Wikipedia sayfanıza baktım da yemek editörlüğüne başlamadan önce çevirmenlik yapıyormuşsunuz. Bir kitapta sizi etkileyen bir yemek sahnesi ya da yemekle ilgili bir detay var mı?

(Uzun süre düşünüyor) Aslında bir film var. “Babette’s Feast” (Babette’in Ziyafeti) eski ve ünlü bir Danimarka filmi. Muhafazakar, küçük bir köye bir kadın gelir. Fransız Devrimi’nden kaçan bir saray aşçısıdır. Hayattan keyif almayı düşünmeyen dindar insanların arasında yaşarken bir anda eline büyük bir para geçer. Bütün parayı bir ziyafet için harcamaya karar verir. Istakoz gibi lüks malzemeler alır. En önemli sahne ziyafette yemekleri tattıkları an. Herkesin suratı yavaş yavaş değişmeye başlar... Damak tadına hitap etmenin bir sanat olduğunu anlatan en iyi filmlerden biridir.

Haberin Devamı

Fast food yeme alışkanlığının yemek kültürüne zarar verdiğini düşünüyor musunuz? Türkiye’de bazen fast food zincirleri yerel tatlara benzer yiyecekler sunmaya çalışıyor.

Evet. Türkiye’de fast food’un yaygın olması
beni şaşırtır. Muhteşem bir sokakta atıştırmalık kültürünüz var, hem ucuz hem lezzetliler. Kim bu durumda fast food yer ki? İsrail’de çocuklara değil ama büyüklere sorarsanız kimsenin kolay kolay Amerikan fast food’unu tercih edeceğini zannetmiyorum.

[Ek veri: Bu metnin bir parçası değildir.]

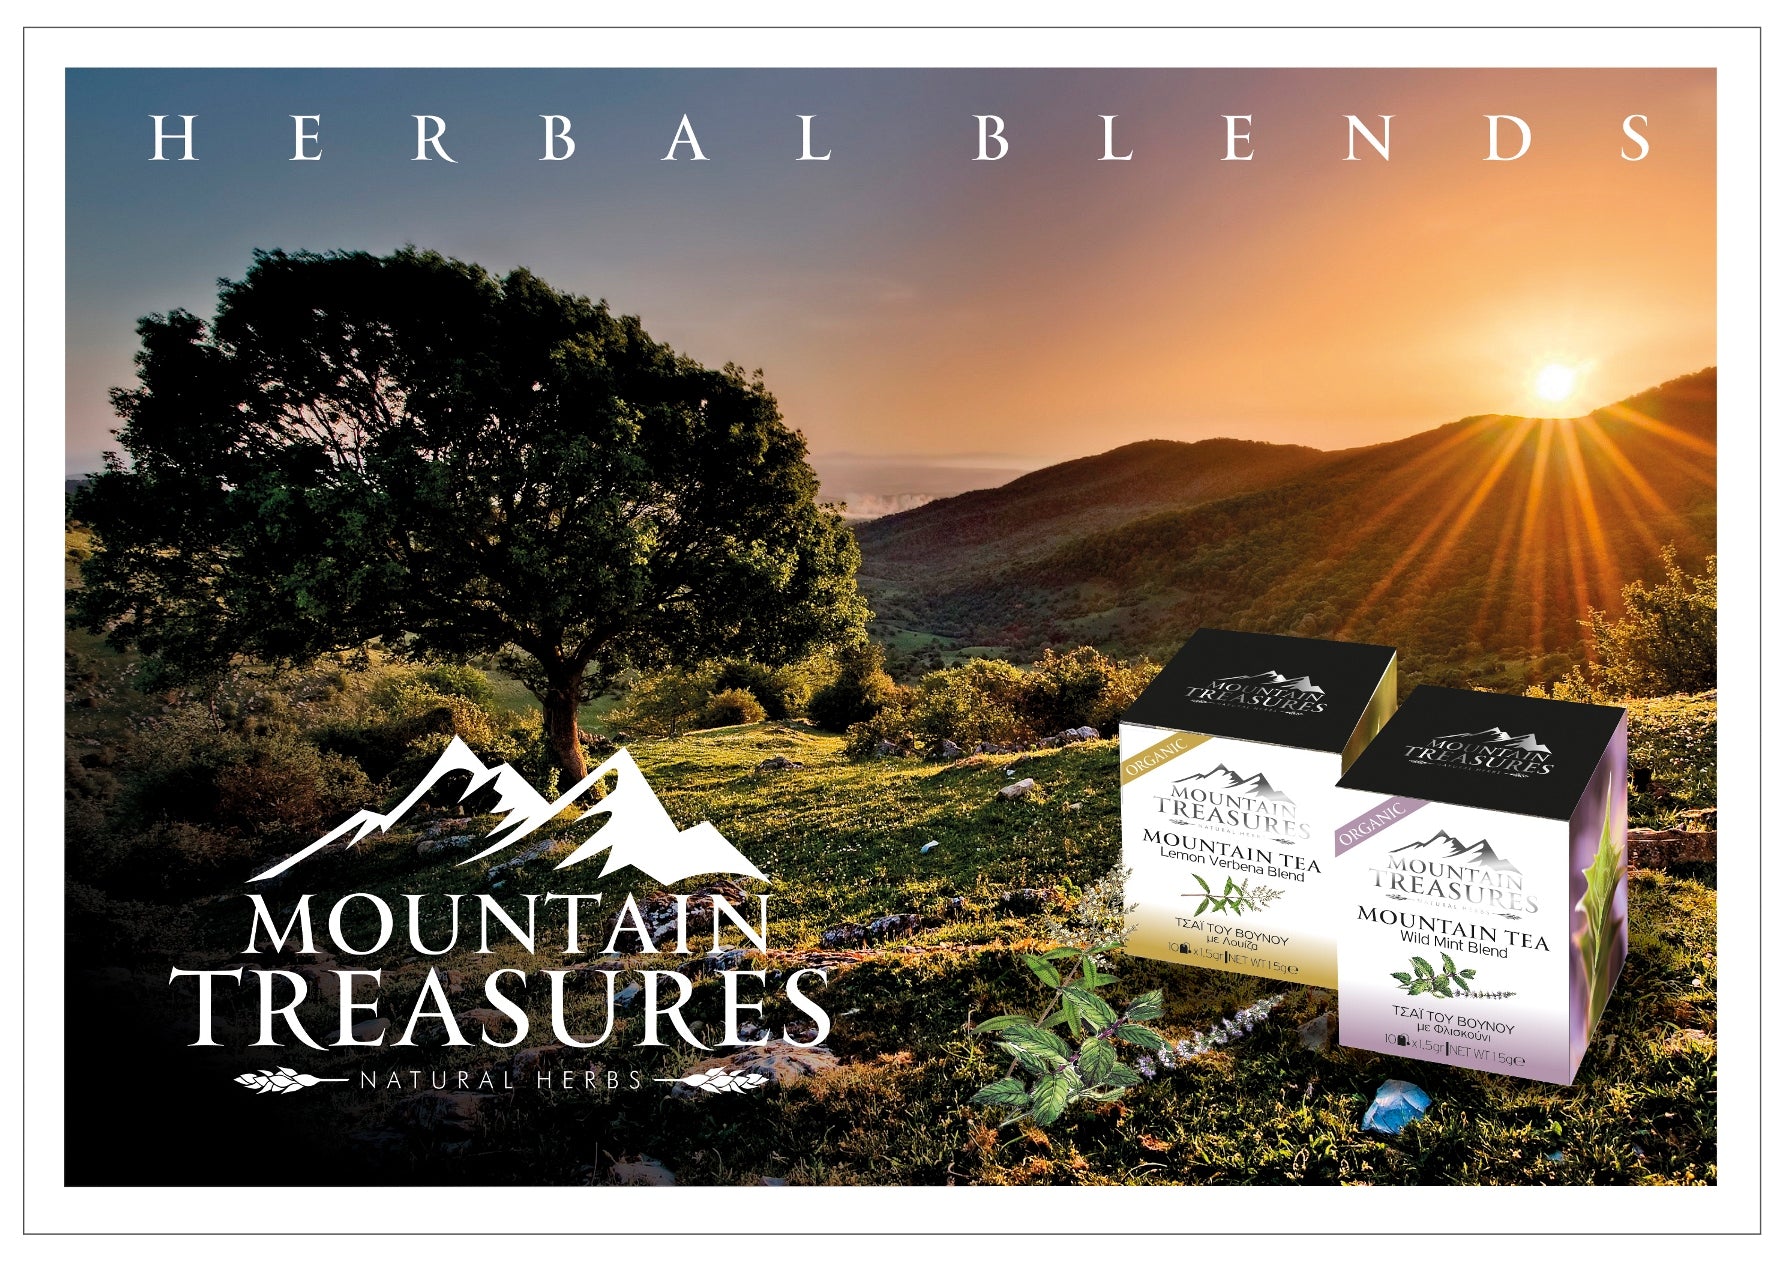 Mountain tea blends with lemon verbena and wild mint by gourmet grocer grecian purveyor.

Türkiye ve İsrail’de lezzetli sebze ve meyvelere sahip olduğumuz için şanslıyız.

Haberin Devamı

Türkiye’den İsrail’e yanınızda bir şeyler götürecek misiniz?

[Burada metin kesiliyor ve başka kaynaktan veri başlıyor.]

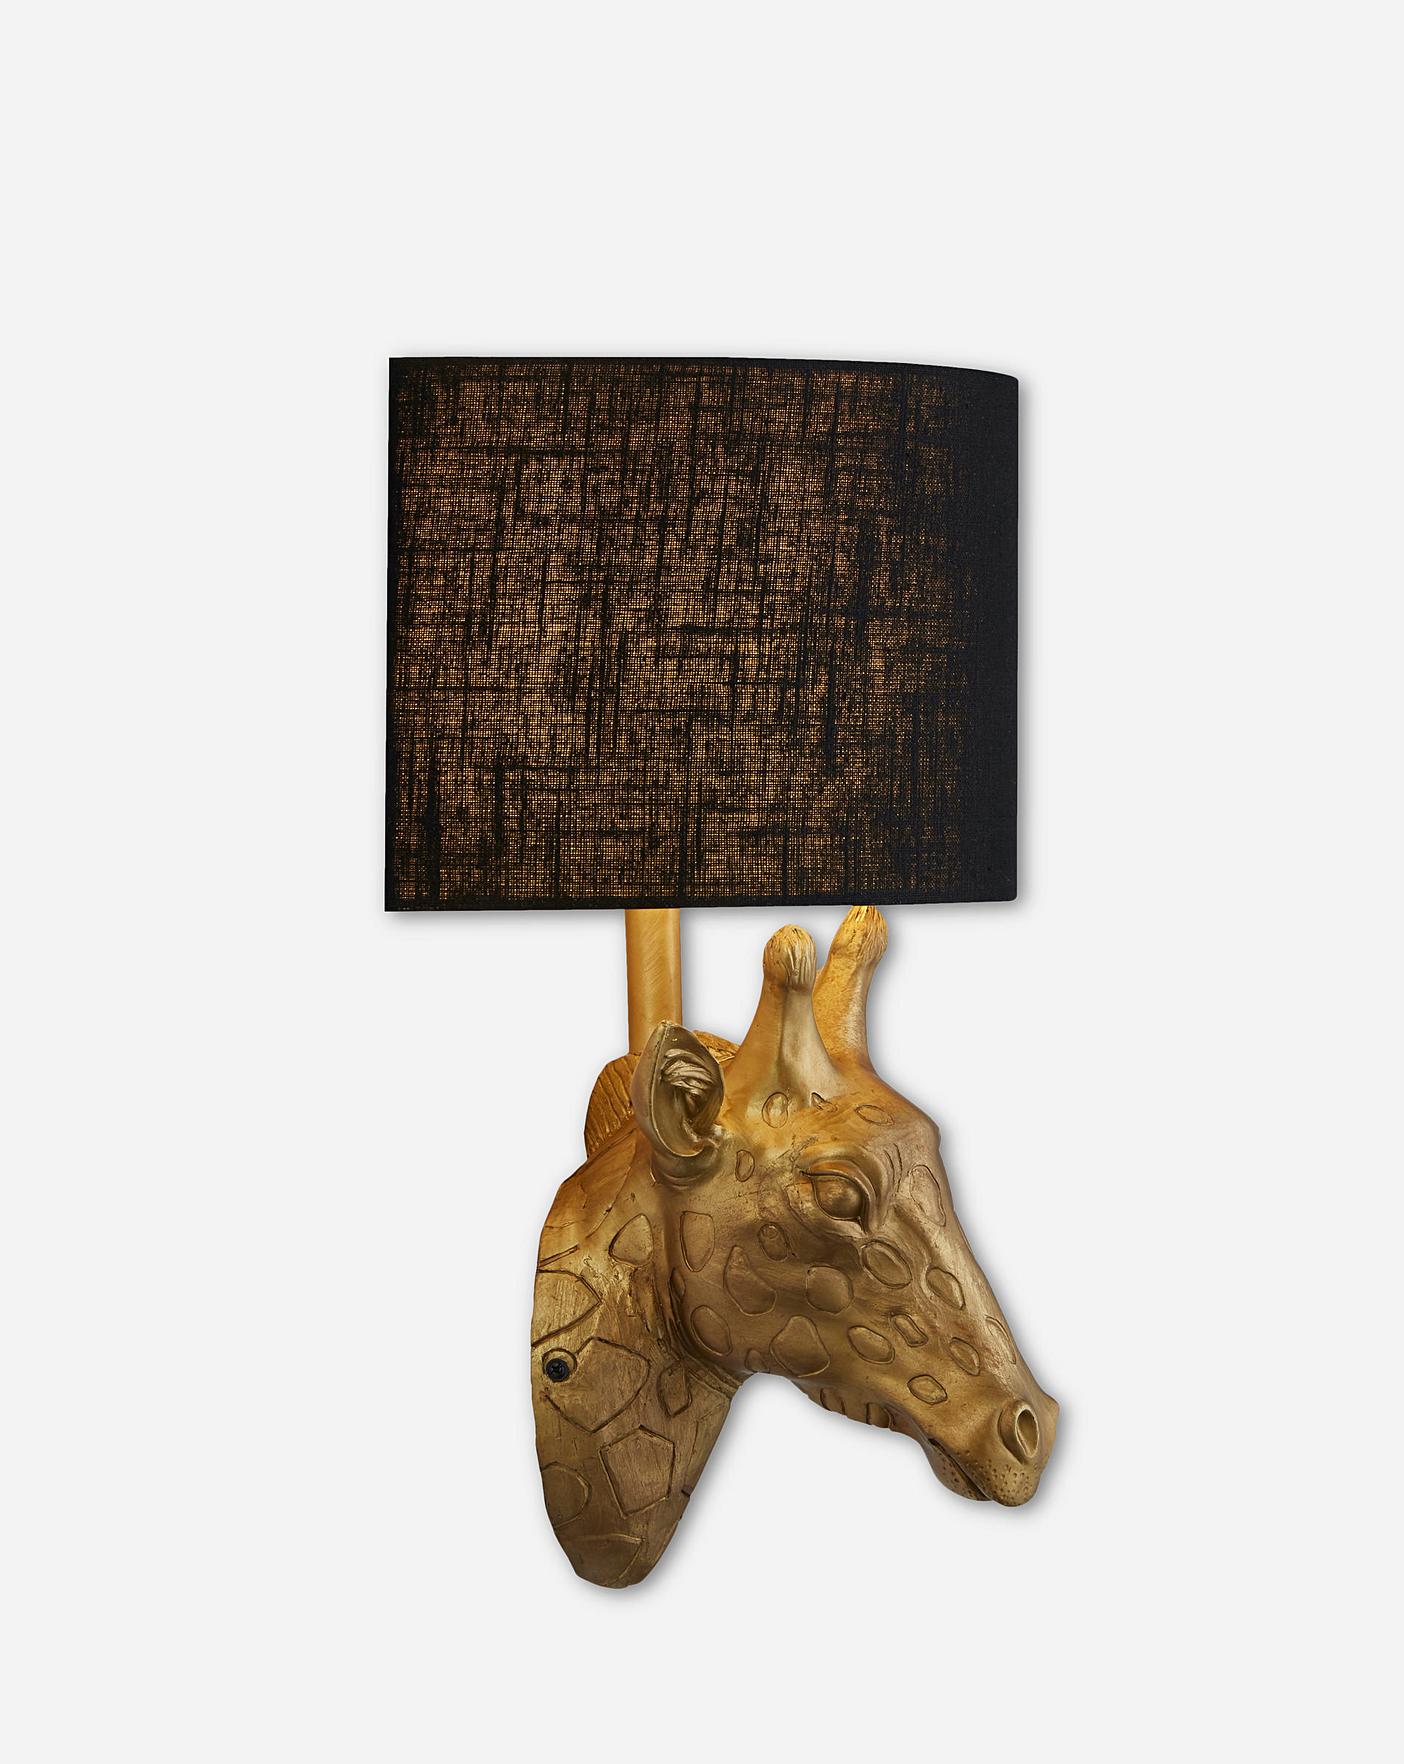 Giraffe Head Wall Lamp with Black Shade

Ah evet. Gül reçeli alacağım. Kesinlikle çeşit çeşit peynir taşıyacağım. Tatlılar da bavulda önemli bir yer tutacak.

“Bir gün Şam’da humus yiyebilmek barış hayalimiz”

İsrail’e dünyanın dört bir yanından gelen Yahudi diasporalarınun mutfağı zenginleştirici bir etkisi var mı?

Kesinlikle. İsrail mutfağı Ortadoğu ağırlıklı olsa da 15 farklı mutfaktan bahsediyoruz. Tunus, Fas, Türk, Irak, Suriye, İran, Bulgar, Yemen... Çok ufak bir ülkede değişik lezzetleri bulabiliyorsunuz. Ben Litvanya doğumluyum. Bütün bu karışım İsrail mutfağını yaratıyor. İsrail mutfağında Türkiye’den, özellikle de Balkanlar’dan gelenlerin etkisi büyük. Karnıyarık, börek ve muhallebi İsrail mutfağının ayrılmaz parçası.

Mutfağın kültürleri yakınlaştırıp barışı sağlayabileceğine inanıyor musunuz?

Her zaman. Araplar ve Yahudilerin sorunları var ama aynı tatlara düşkünüz. Elbette İsrail, Arap mutfağından etkilenmiştir. Ama şimdi duyuyorum ki Libyalı Yahudilerin getirdiği ‘şakşuka’yı (yumurta ve acı sosla yapılan bir yemek) İsrail’de gören Araplar da yapmaya başlamış. Ramallah’da bir restoranda verildiğini duydum. Yemeğin ırkı, rengi yoktur. İsrail’de barışı hayal edenlerin bir lafı vardır: “Bir gün Şam’da humus yiyeceğiz”. Büyük bir masanın etrafında bir gün hep beraber yemek yiyeceğiz inşallah.